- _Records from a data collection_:

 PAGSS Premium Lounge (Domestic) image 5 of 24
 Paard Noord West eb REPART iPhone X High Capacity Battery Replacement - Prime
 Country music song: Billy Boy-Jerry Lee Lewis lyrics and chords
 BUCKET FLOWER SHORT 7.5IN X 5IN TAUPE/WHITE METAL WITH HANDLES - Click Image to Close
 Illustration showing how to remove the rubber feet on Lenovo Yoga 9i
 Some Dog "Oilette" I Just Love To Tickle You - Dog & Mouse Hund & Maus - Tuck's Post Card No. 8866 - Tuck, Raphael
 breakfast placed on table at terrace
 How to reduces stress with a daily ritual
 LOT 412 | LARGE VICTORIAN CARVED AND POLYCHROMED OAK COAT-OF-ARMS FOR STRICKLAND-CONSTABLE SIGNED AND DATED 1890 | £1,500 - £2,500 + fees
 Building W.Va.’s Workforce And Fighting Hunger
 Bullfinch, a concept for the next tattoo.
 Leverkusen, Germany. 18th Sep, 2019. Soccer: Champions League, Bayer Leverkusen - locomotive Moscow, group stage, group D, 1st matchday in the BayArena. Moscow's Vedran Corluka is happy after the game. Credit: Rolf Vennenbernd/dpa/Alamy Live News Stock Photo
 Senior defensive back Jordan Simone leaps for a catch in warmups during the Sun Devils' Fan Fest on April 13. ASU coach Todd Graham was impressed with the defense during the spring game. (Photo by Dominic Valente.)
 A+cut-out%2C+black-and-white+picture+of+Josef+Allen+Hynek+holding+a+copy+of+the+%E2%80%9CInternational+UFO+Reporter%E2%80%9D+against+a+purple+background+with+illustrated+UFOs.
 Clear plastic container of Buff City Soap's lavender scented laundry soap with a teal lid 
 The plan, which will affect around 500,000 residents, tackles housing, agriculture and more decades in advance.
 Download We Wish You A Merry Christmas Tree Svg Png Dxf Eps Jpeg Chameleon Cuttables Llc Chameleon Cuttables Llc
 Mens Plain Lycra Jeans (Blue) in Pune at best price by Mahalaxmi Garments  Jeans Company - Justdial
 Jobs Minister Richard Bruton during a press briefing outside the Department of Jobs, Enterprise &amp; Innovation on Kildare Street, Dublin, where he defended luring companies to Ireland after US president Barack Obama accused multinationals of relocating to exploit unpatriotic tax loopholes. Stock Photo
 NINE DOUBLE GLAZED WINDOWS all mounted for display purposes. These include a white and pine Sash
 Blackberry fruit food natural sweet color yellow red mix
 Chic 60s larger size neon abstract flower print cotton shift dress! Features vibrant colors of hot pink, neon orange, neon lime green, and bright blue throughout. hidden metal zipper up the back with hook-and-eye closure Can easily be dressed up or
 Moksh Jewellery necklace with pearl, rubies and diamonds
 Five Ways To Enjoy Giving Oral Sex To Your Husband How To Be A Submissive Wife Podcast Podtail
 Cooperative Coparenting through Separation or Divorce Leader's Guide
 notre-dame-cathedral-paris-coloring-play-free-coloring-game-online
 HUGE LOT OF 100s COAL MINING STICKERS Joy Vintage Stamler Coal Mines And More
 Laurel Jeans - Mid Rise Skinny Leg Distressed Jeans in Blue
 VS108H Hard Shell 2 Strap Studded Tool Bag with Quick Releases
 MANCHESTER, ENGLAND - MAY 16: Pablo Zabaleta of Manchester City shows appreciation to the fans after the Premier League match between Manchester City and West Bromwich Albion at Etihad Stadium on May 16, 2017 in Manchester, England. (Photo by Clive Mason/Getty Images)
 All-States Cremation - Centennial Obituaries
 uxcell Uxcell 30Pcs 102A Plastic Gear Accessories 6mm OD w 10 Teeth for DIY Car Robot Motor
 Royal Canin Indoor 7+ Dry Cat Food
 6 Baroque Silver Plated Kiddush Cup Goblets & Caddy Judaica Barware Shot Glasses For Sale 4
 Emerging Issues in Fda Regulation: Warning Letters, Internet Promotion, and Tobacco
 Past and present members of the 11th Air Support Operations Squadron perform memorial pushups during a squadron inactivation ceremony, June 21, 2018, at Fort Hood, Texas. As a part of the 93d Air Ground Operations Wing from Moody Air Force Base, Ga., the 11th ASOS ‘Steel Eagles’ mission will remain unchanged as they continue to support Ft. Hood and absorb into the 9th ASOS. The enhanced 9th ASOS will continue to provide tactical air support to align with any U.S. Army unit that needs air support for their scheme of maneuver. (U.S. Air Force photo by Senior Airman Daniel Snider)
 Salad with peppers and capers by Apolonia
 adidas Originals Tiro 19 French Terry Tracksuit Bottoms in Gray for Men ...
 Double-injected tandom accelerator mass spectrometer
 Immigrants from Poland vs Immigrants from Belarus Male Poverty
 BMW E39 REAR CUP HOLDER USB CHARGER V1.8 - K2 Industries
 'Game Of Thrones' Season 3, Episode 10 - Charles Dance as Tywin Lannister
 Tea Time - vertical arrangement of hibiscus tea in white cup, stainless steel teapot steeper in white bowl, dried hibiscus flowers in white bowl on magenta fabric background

- _WHAT YOU SHOULD DO_:
Look through the records for the word "Jeans". Every line that has it should be copied.

- _WRITTEN SOLUTION_:
 Mens Plain Lycra Jeans (Blue) in Pune at best price by Mahalaxmi Garments  Jeans Company - Justdial
 Laurel Jeans - Mid Rise Skinny Leg Distressed Jeans in Blue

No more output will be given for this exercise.